Note: Even if some of the sample sizes are smaller than 10 participants, the minimum suggested sample size for a group should not be less than that (Hopkins, 2000).

Abbreviations: L‐ACC, left anterior cingulate cortex; L‐S1, left primary somatosensory; R‐AI, right anterior insula.

DISCUSSION

The aim of the current study was to assess the variability and effect sizes of intracranial current source density (CSD) estimations in pain research. The first part of the study consisted of a systematic review that was performed to examine the frequency that human pain studies reported sample size calculation, estimates of effect size and measures of central tendency and dispersion for CSD quantities. The review revealed that none of the 46 included studies reported sample size calculations and only 7 out of 46 reported the parameters needed for future sample size calculations. The second part of the study analyzed the test–retest reliability of CSD estimations during controlled experimental conditions. Here, EEG data collected during resting, non‐painful, and painful cuff‐pressure stimulation from 21 healthy participants were analyzed. Results show that LORETA CSD estimations are equally reliable for within‐session comparisons among all conditions, ROIs and frequencies, although estimations during REEG at S1 in the alpha band showed less between‐session variability than the rest of estimations. Finally, hypothetical sample size calculations were derived using effect sizes observed in the literature as well as effect sizes proposed following the observed variation in the experimental data.

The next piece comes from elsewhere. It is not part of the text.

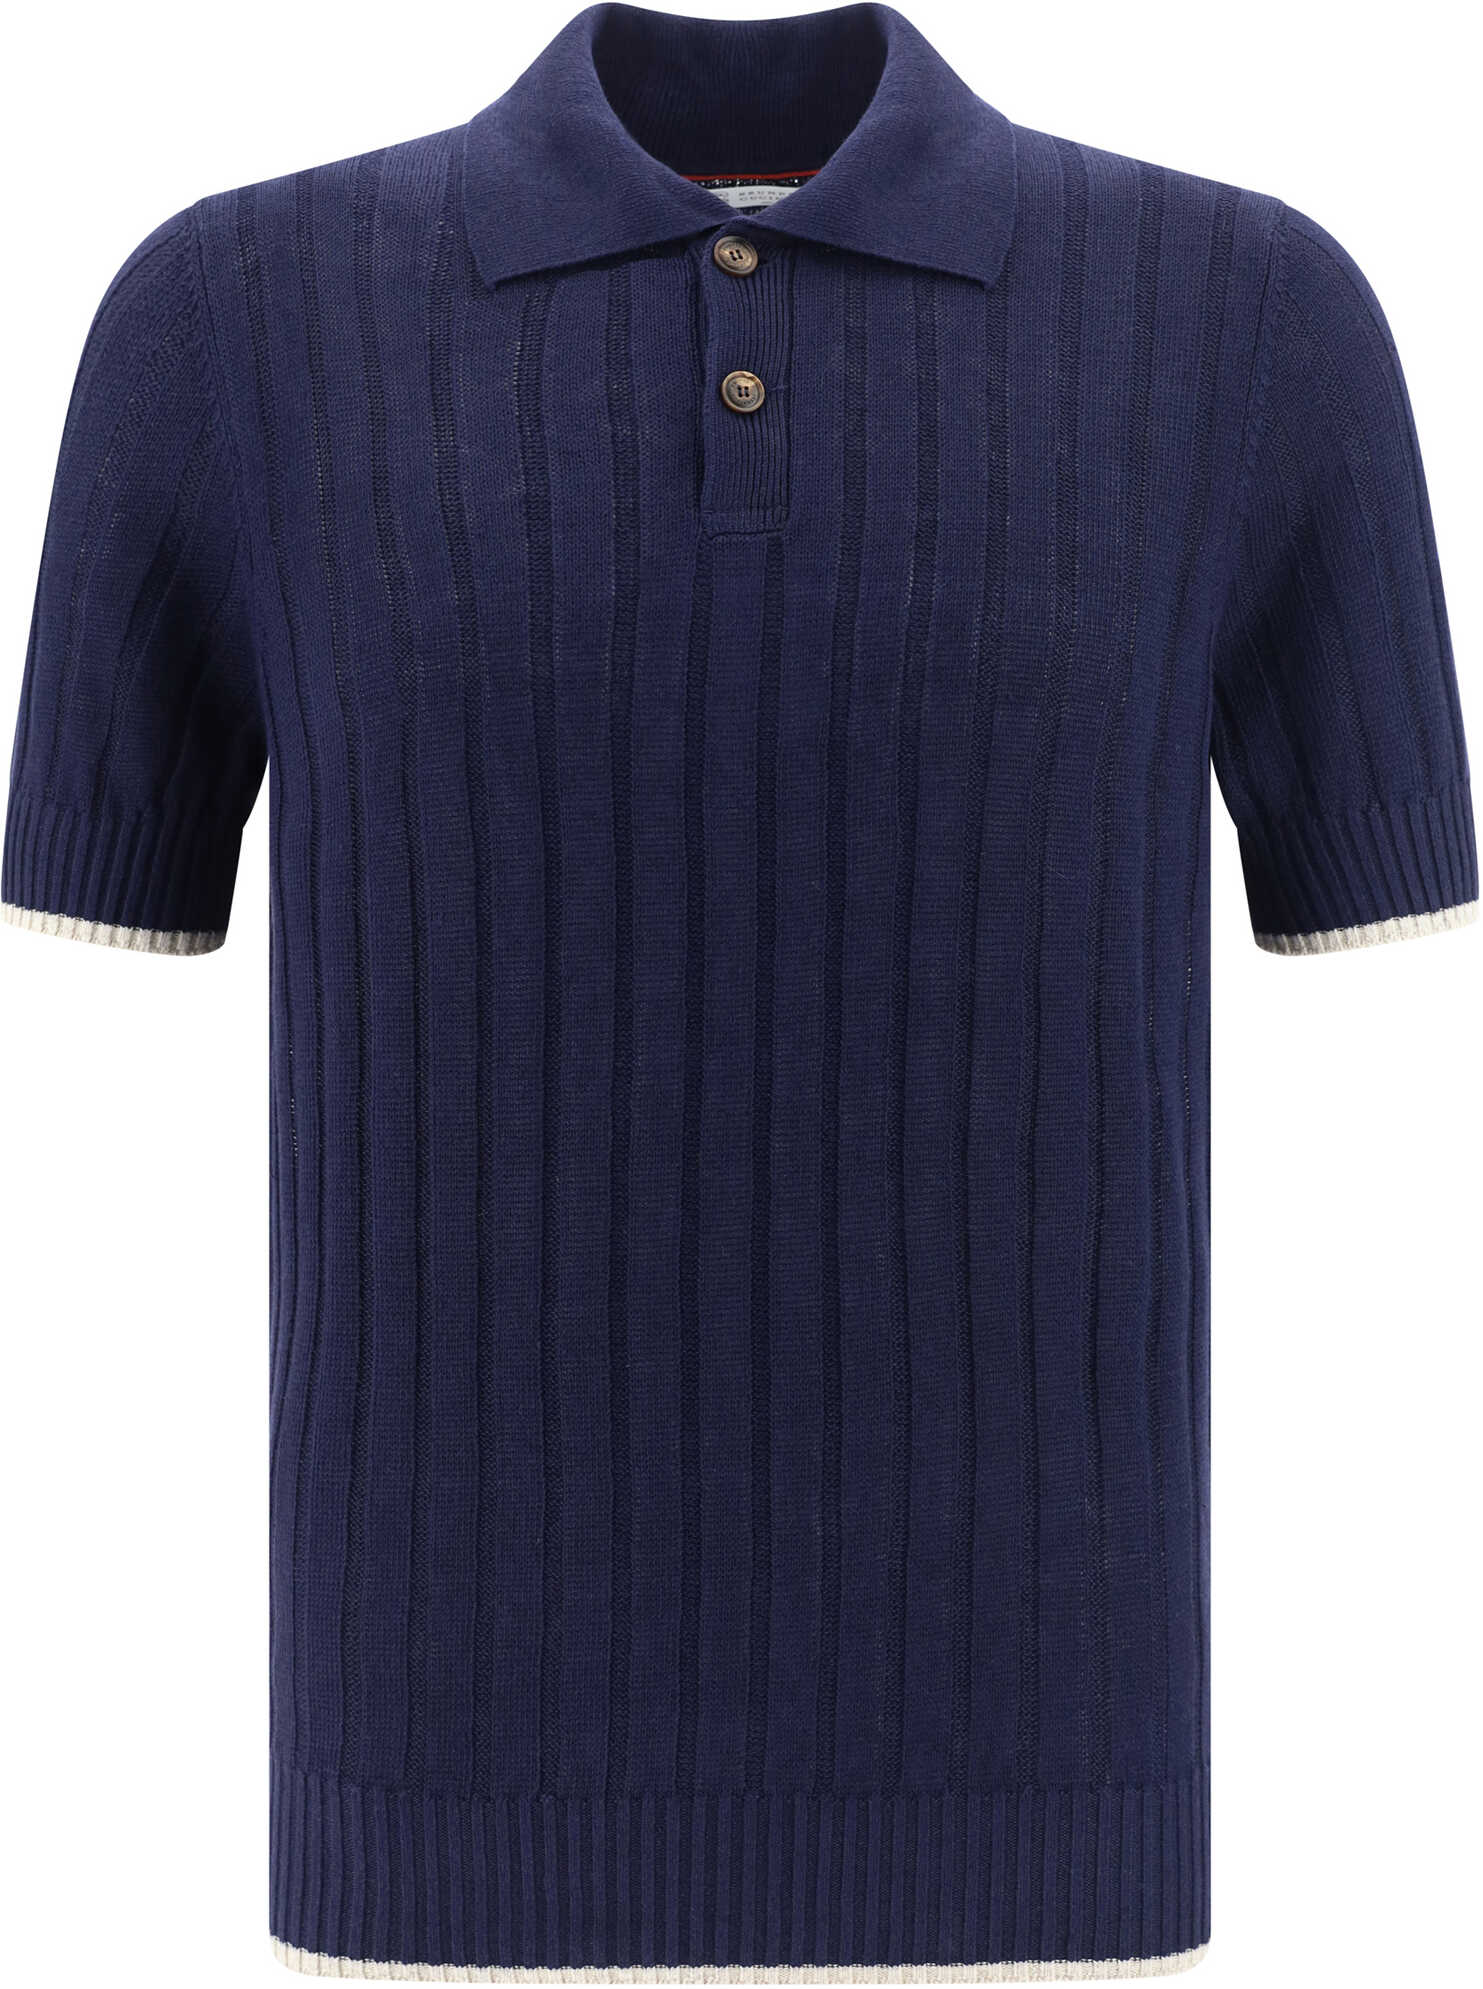 Brunello Cucinelli Polo Shirt NAVY+OYSTER

Systematic review of effect sizes and variability of CSD estimates in pain‐related studies

None of the 46 included studies from the systematic review reported sample size calculations. This is in agreement with a previous systematic review in EEG studies, reporting that published articles rarely reported sample size calculations (Larson & Carbine, 2017). Still, this is not an exclusive trend in EEG, since studies using other neuroimaging techniques, such as fMRI, lack in reporting sample size calculation (Guo et al., 2014). Even though there has been a small improvement in this respect in other fields of medicine in recent years (Castellini, Gianola, Bonovas, & Moja, 2016), this is still far from optimal and journals should suggest and implement guidelines for appropriate sample size calculations (Lee & Tse, 2017).

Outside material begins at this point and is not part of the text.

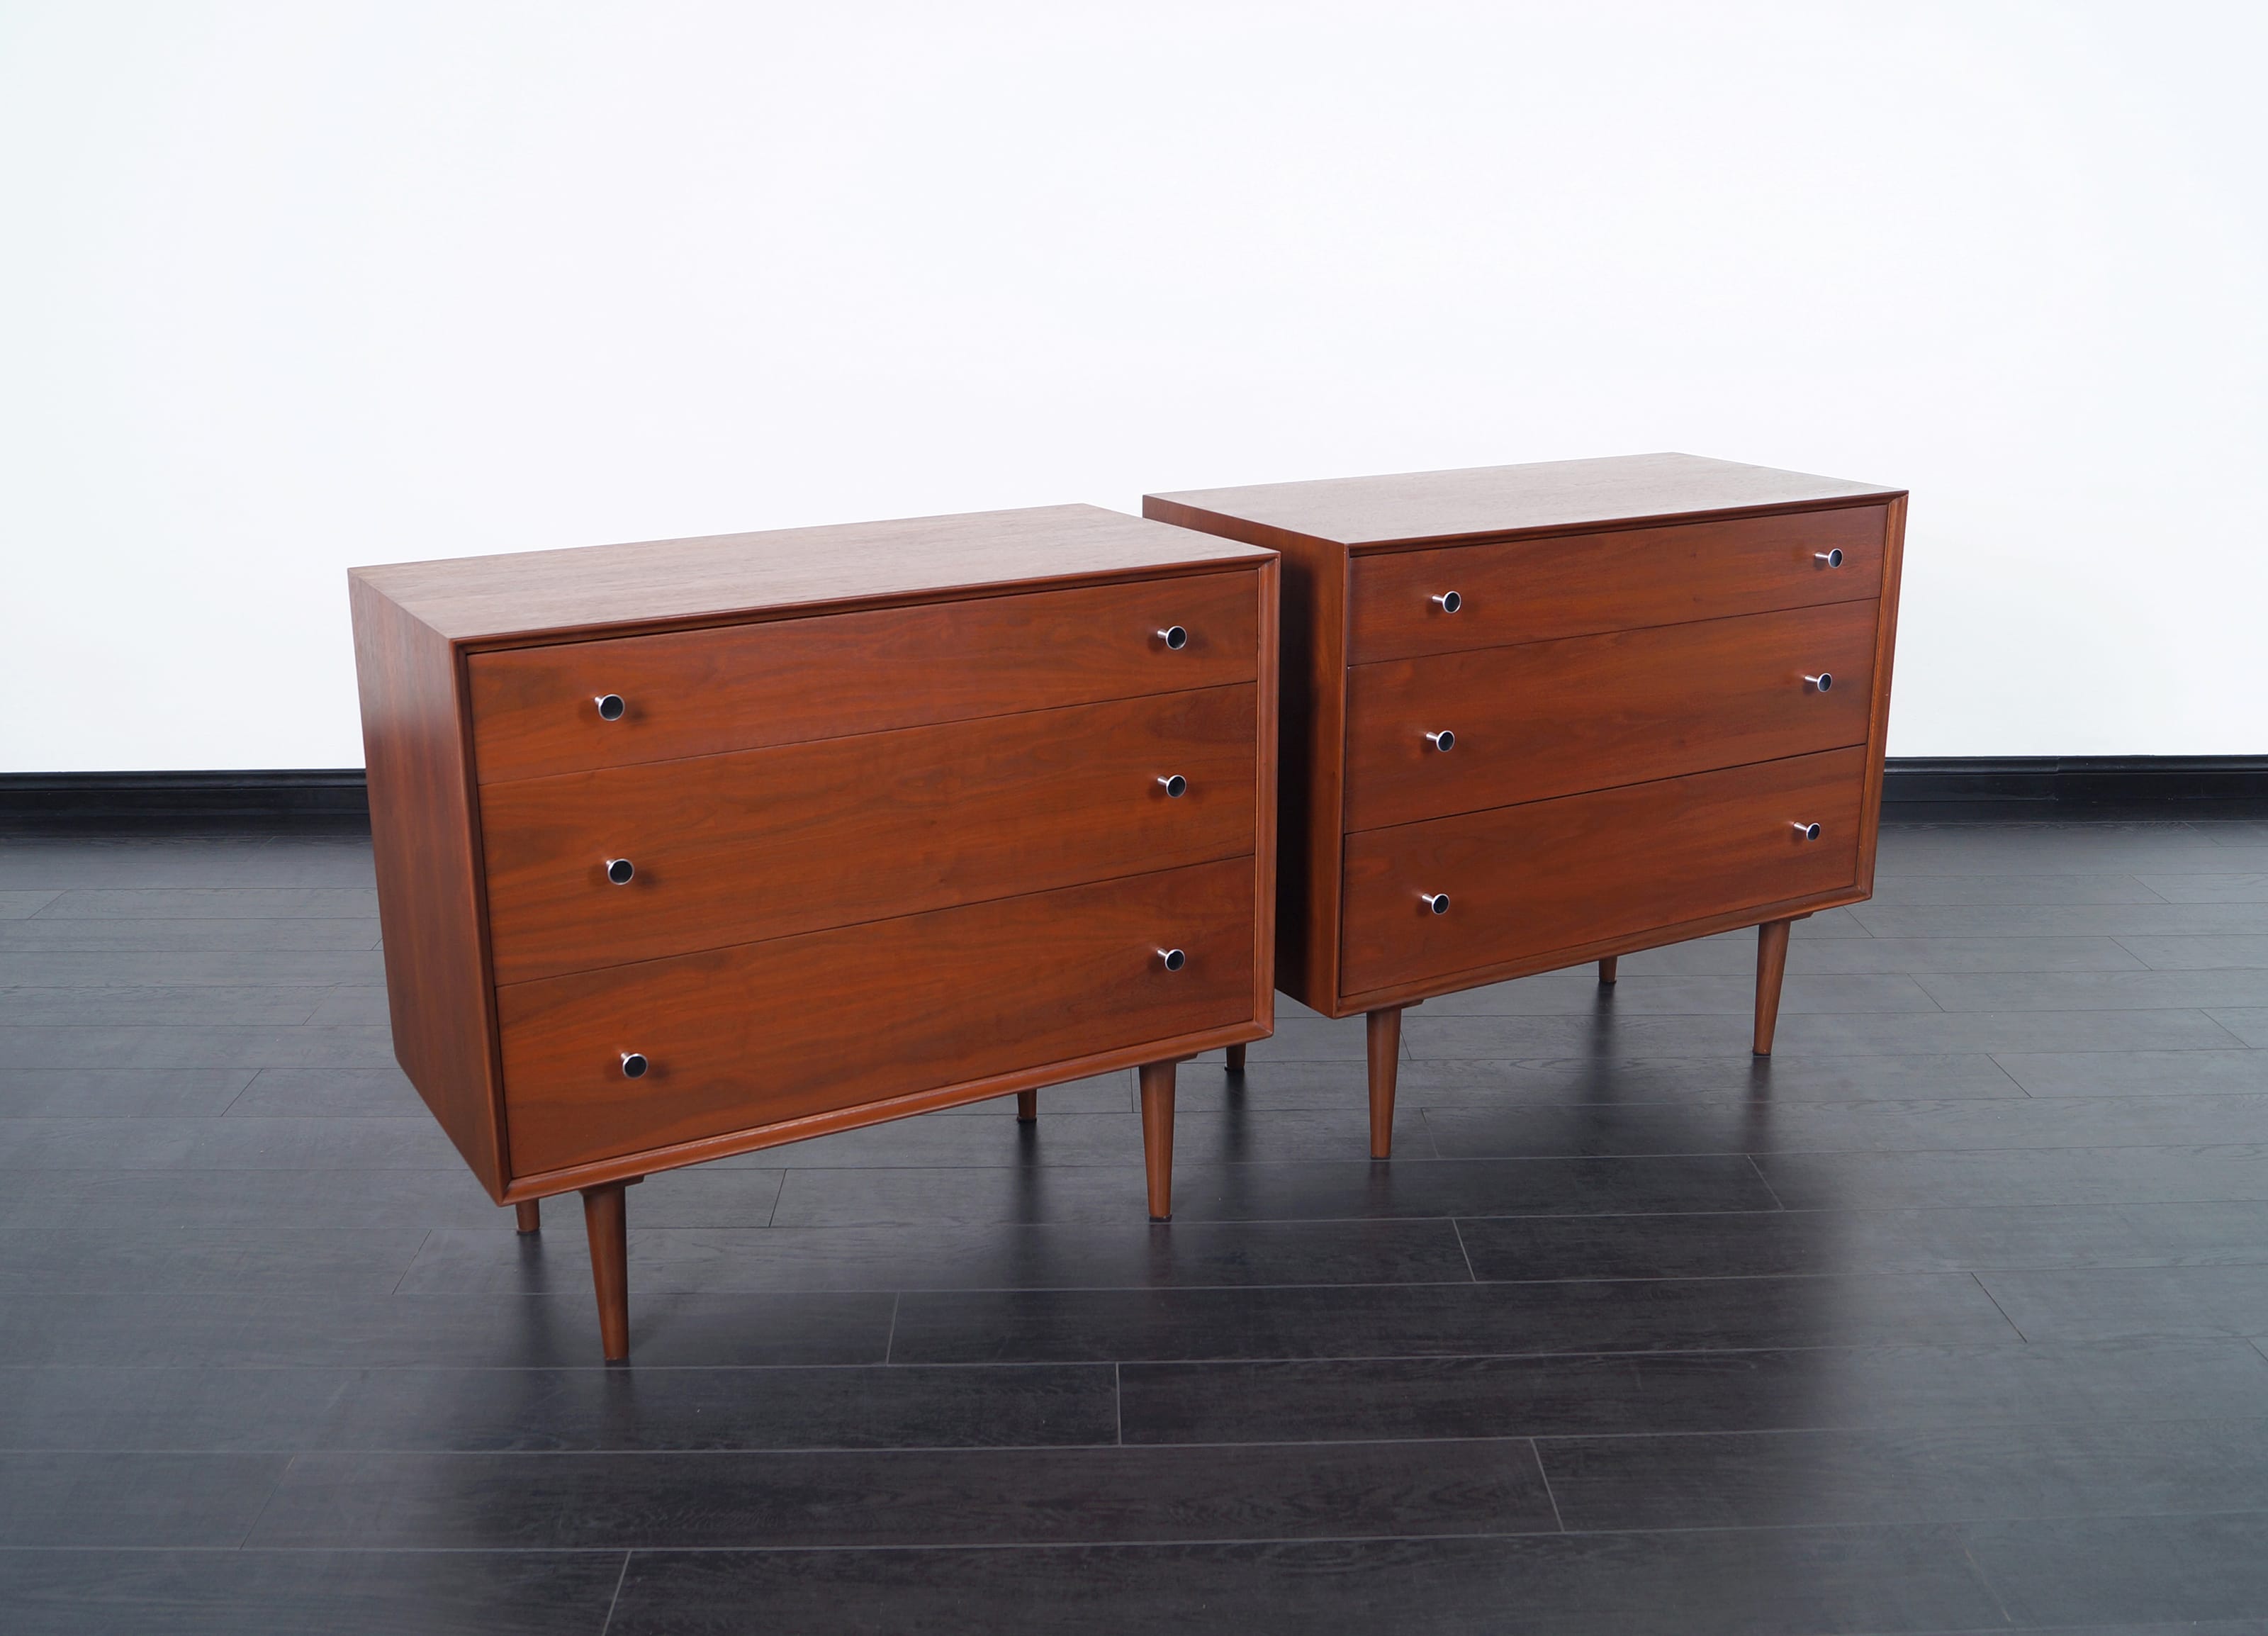 Vintage Walnut Chest of Drawers by Robert Baron

Since the first study using LORETA was published in 1994, there should be plenty of data available to properly describe CSD estimations from different brain regions, as well as the expected differences due to experimental paradigms or clinical conditions. However, less than 20% of the articles included in the systematic review reported the minimum parameters required for future sample size calculations involving CSD estimations. In contrast, another systematic review on scalp EEG found that half of the articles provided information about central tendency and dispersion of EEG scalp potentials (Larson & Carbine, 2017). These parameters are not only useful for planning future studies, but also help in the peer‐review process to determine if the study was well‐planned and adequately powered.

Furthermore, the majority of the articles that did not report these parameters only reported images of voxel‐by‐voxel statistical maps, showing the locations of statistically significant variation of CSD estimations and not the actual effect sizes. Using these reported ‐values or , , or ‐statistics is not enough to calculate sample size for future studies (Sullivan & Feinn, 2012). More importantly, reporting the test statistics does not help in the evaluation of experimentally or clinically relevant effect sizes, which are crucial for the design of future experiments.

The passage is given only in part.